Bukele reconoce que al menos 8.000 de las más de 91.000 detenciones practicadas en el marco del estado de excepción se hicieron sin causa justificada.
El panel de expertos también denuncia prácticas como desnudez forzada, falta de ventilación en los sitios de reclusión o violencia psicológica.
Los videos gubernamentales de miles de detenidos sin camisa, descalzos, con las cabezas rapadas, encadenados en posiciones incómodas durante los traslados, hacinados en celdas no aptas para la cantidad de reclusos y siendo señalados de terroristas antes de un juicio dejan pocas dudas sobre las conclusiones del informe.
El documento también cuestiona la duración del estado de excepción, al afirmar que “su renovación sucesiva e indefinida, sin motivación sustantiva ni control judicial efectivo, ha transformado una medida extraordinaria en un mecanismo permanente de gobernanza”.
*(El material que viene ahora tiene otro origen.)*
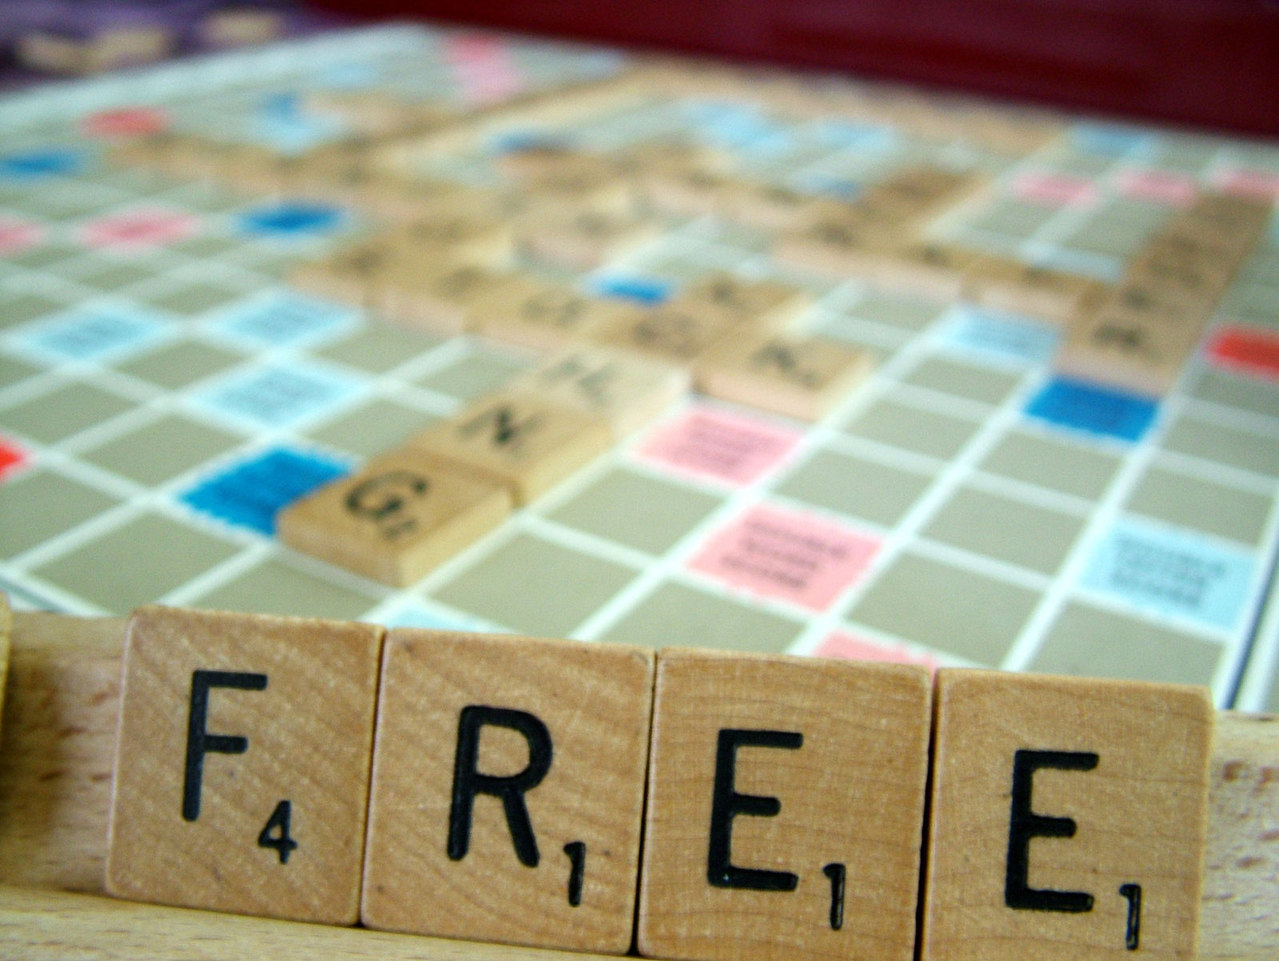 scrabble tiles spelling out the word FREE

De nuevo el Gobierno de Bukele parece darle la razón. Y es que el próximo 26 de marzo, la Asamblea Nacional renovará el régimen por la ocasión número 49, cumpliendo ya cuatro años de vigencia, y los ministros del Interior, Gustavo Villatoro, y de Defensa, René Merino, siguen coincidiendo con Bukele en que la guerra contra las pandillas aún debe mantenerse.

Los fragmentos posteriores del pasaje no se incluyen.